Clarisse Martin, 49, was responding well to treatment for systemic lupus erythematosus (SLE). For the first time in months, the arthritic component of her autoimmune disease was under control and she could once again care for herself, take walks, and play the piano. The thrush in her mouth had begun to abate and she was able to eat normal food. She was even gaining weight.
But her reprieve wouldn't last. Within a few months, she developed blurred vision. A visit to the ophthalmologist yielded an unexpected diagnosis: Ms. Martin had ocular candidiasis.

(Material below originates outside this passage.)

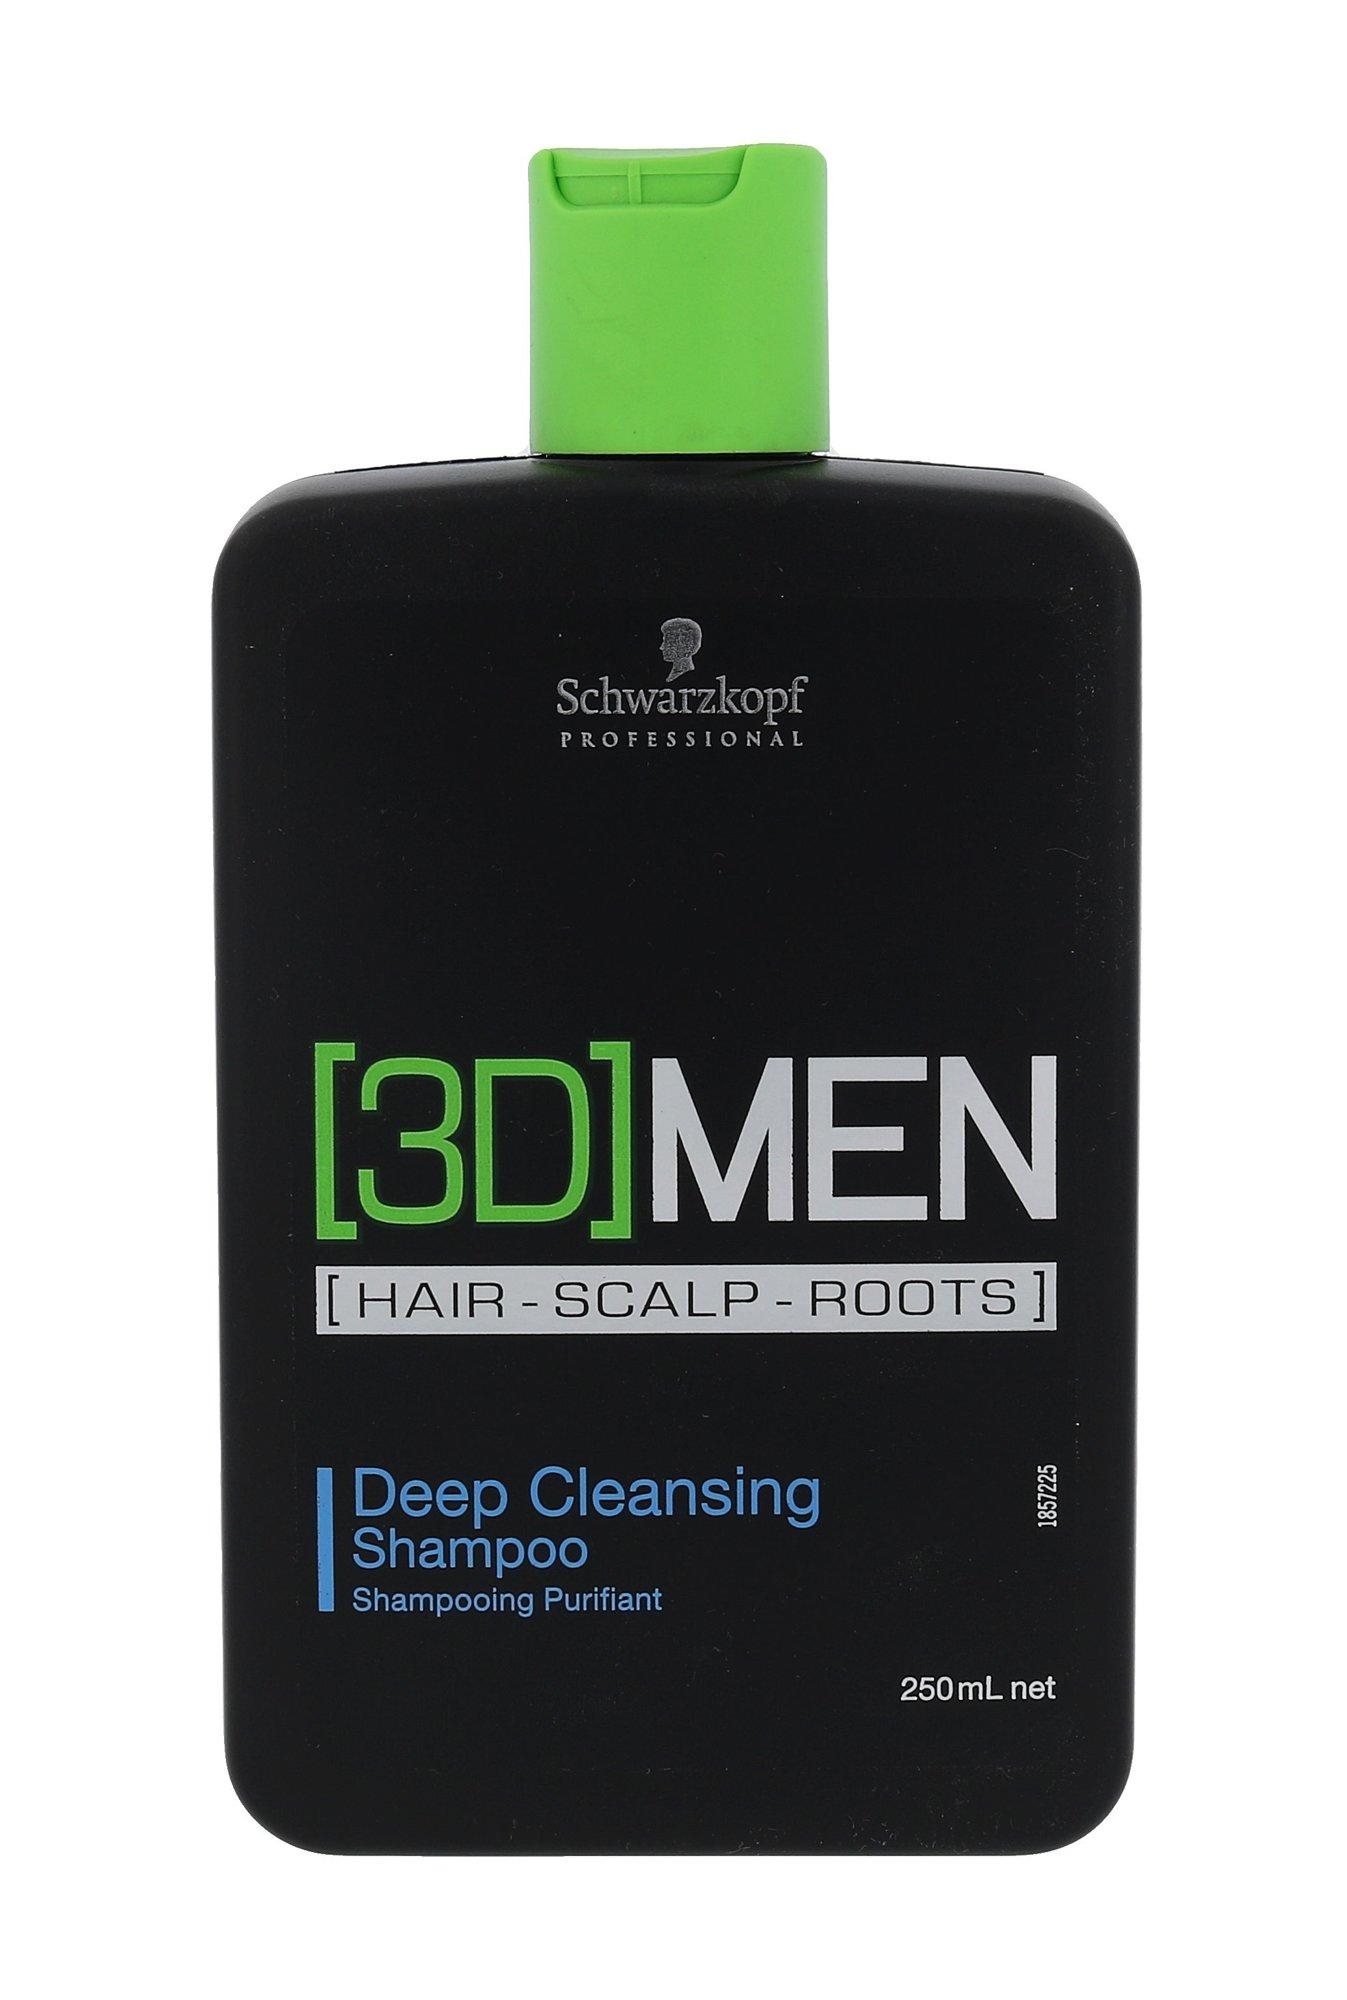 Schwarzkopf Professional 3DMEN Cosmetic 250ml

The microbe responsible for Ms. Martin's eye infection was Candida albicans—the most frequent agent of candidiasis and the same common fungus that had caused the sores in her mouth. Candida was once primarily associated with diaper rash in infants and localized skin infections. Today it is recognized as the most common cause of opportunistic infection in immunosuppressed people.1
In Ms. Martin's case, candida started as thrush, or oral candidiasis. This condition can be treated fairly easily by using antifungal lozenges and mouthwashes; but if the fungus invades the bloodstream through the irritated tissues of the mouth, it can travel to, and cause infection in, other parts of the body. In fact, systemic candidiasis can lead to such disparate conditions as renal failure, respiratory distress, or, in Ms. Martin's case, partial blindness.
The many faces of candidal infectionTo understand how a seemingly mild mouth infection could lead to such disastrous consequences, let's take a closer look at the offending microbe. Candidal organisms are opportunistic. They normally live on our skin and mucous membranes, usually causing no harm because they're kept in check by the intact skin and by chemicals secreted from other microorganisms residing on the body's surfaces.
As part of our normal flora, candida can actually protect us from other pathogenic organisms. But when immune function is suppressed, as it was in Ms. Martin, candidal organisms can increase to numbers sufficient to cause infection.
Conditions that support the development of opportunistic infections like candidiasis are inherited or acquired immune system dysfunctions, such as AIDS; autoimmune diseases like SLE, scleroderma, and rheumatoid arthritis; and immunosuppression caused by long-term radiation therapy, cancer chemotherapy, corticosteroid therapy, or drugs used to prevent the rejection of transplanted organs.
Even in people without serious immune dysfunction, candida can cause skin, nail, and vaginal problems. For example, vaginal yeast infections are fairly common, especially in women who are pregnant, have diabetes mellitus, or take oral contraceptives or antibiotics.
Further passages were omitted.